In Chris Patten's East and West (BBC2, 7.15 p.m., tomorrow), the former Hong Kong governor travels to Korea and Indonesia to find out what went so wrong with the Asian boom economies - and finds a lot of it was to do with corruption and cronyism in the boom years.
One of the characters he meets is a Korean chief executive who has been forced to re-train as a waiter.
More eastern economies on The Money Programme (BBC 2, 7.30 p.m., Sunday) which looks at China, and asks whether it can avoid catching the Asian economic flu: prospects are not good. Demand for exports is falling, foreign investment is drying up, and the property bubble looks set to burst.
For those looking to export markets closer to home, RTE 1's big push on language learning starts on Sunday morning, with the first episode of German beginners series Learnexpress, 10 a.m; part two of French In Action at 10.15 a.m; then Italianissimo at 10.45 a.m., and lastly Suenos: World Spanish at 11 a.m.
There's a faint possibility that Linus Torvalds's software could topple Microsoft. Why? Because he is a geek: he created an ingenious operating system and gave it away free on the Internet. Connected (Channel 4, Saturday) tells how other geeks sent Linus ideas about how to improve it. How can a corporation that attacks its opposition by undercutting them on price, fight against those who do it for love, not money?
Successfully revamping a longstanding business is a tricky endeavour. Health Farm (BBC 1, 9.30 p.m.

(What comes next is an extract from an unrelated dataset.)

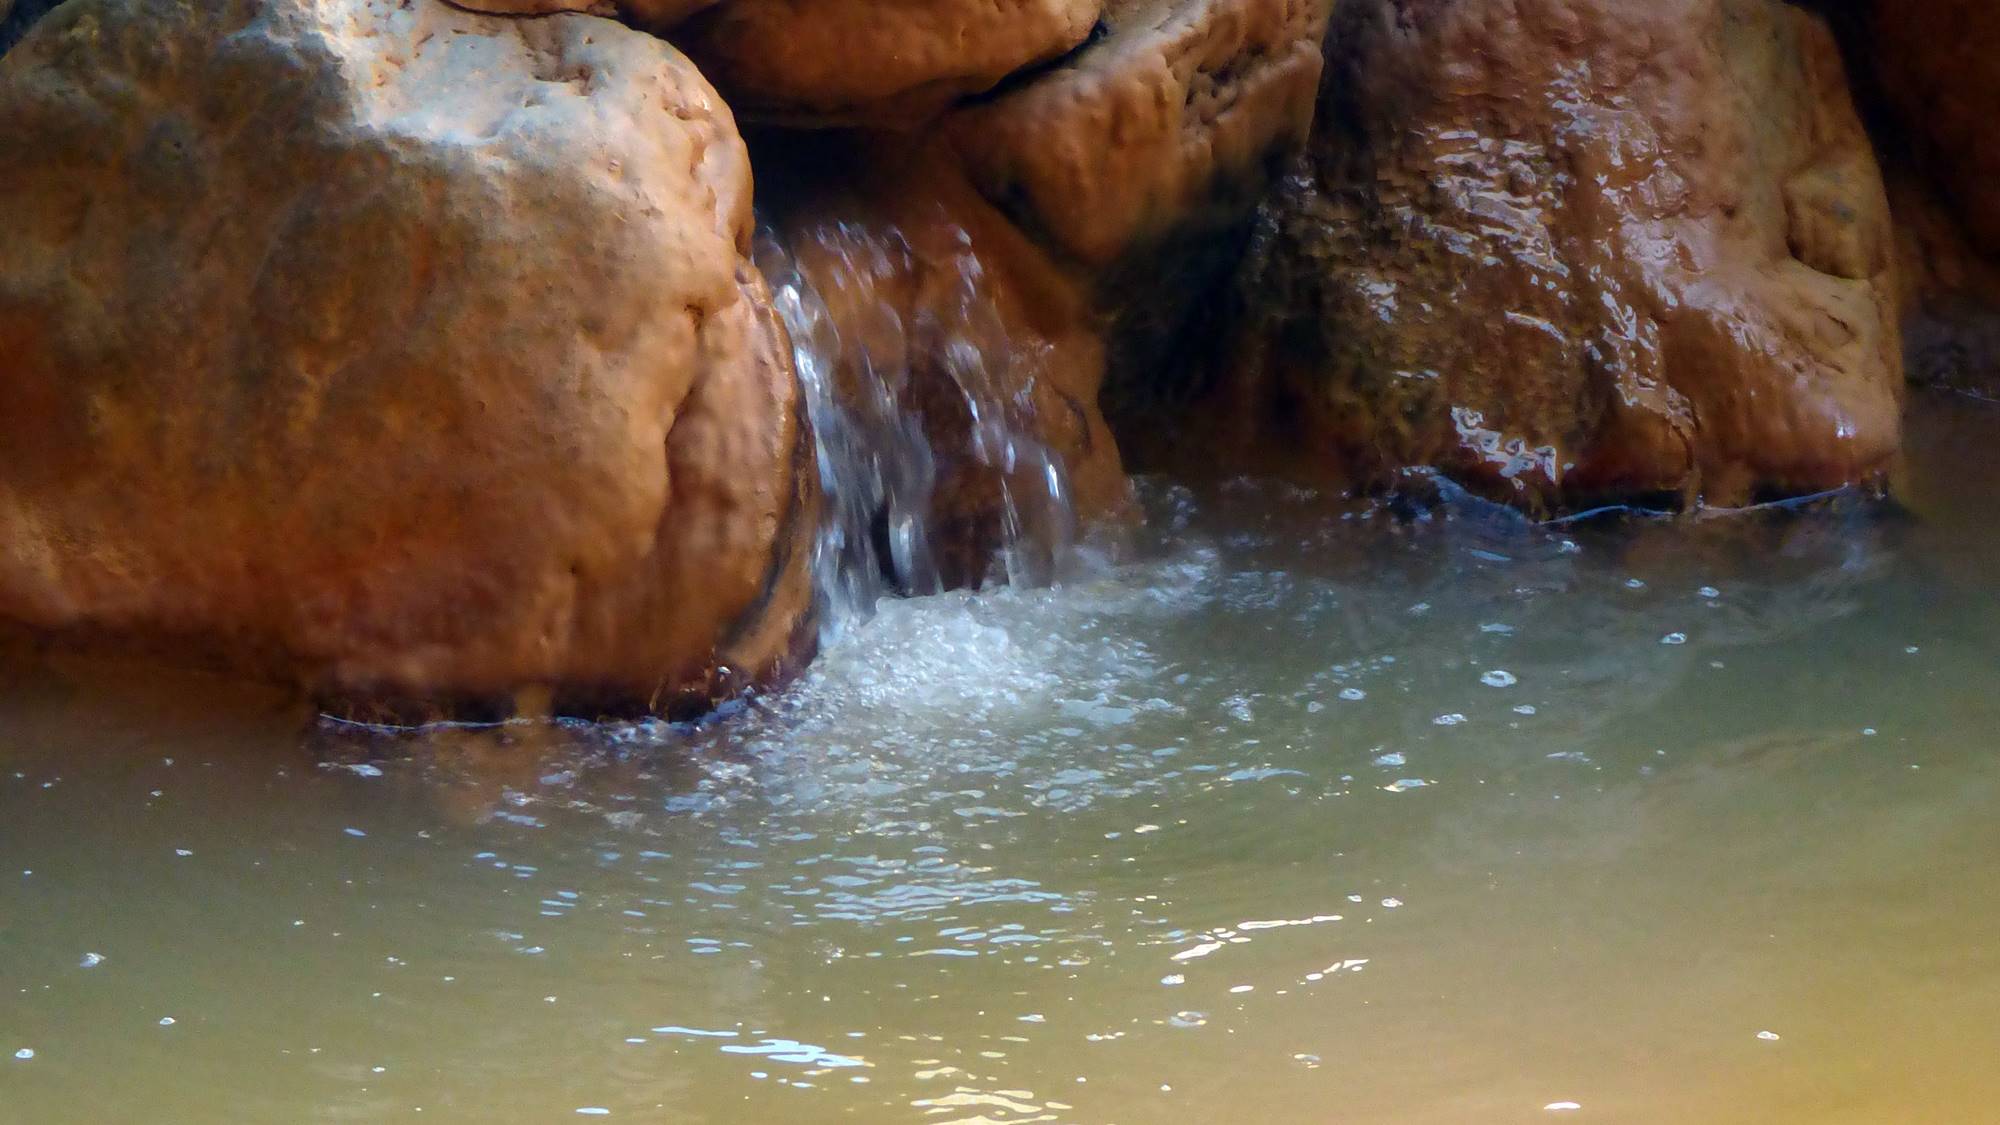  *塩分と水酸化鉄を含み、体が良く温まると評判の相間川温泉。

Monday) looks at how £14 million transformed the old-fashioned and genteel Forest Mere health farm into one of the biggest in Europe - and this new series follows its fortunes as it opens, and beyond.
Retailers about to launch into Christmas (yes, even though it is only October) may want to turn to this week's The Shop (BBC 1, 8.30 p.m., Thursday) to see Christmas season 1997 (remember Tellytubbies?) descend on the London store Selfridges, which is trying out a modern, tinsel-free Yule.
A cautionary tale for those in charge of the publicity budget. Arguably the most important and under-rated aspect of movie-making is marketing and publicity and in How To Make A Movie (BBC 2, 7.30 p.m., Friday) film distributor Pathe is spending as much promoting a low-budget, black and white film, Twentyfour Seven, as it cost to make in the first place. But it doesn't work.
True Lives (RTE 1, 8 p.m., Monday) is the story of the last year of the life and the death of Robert Maxwell.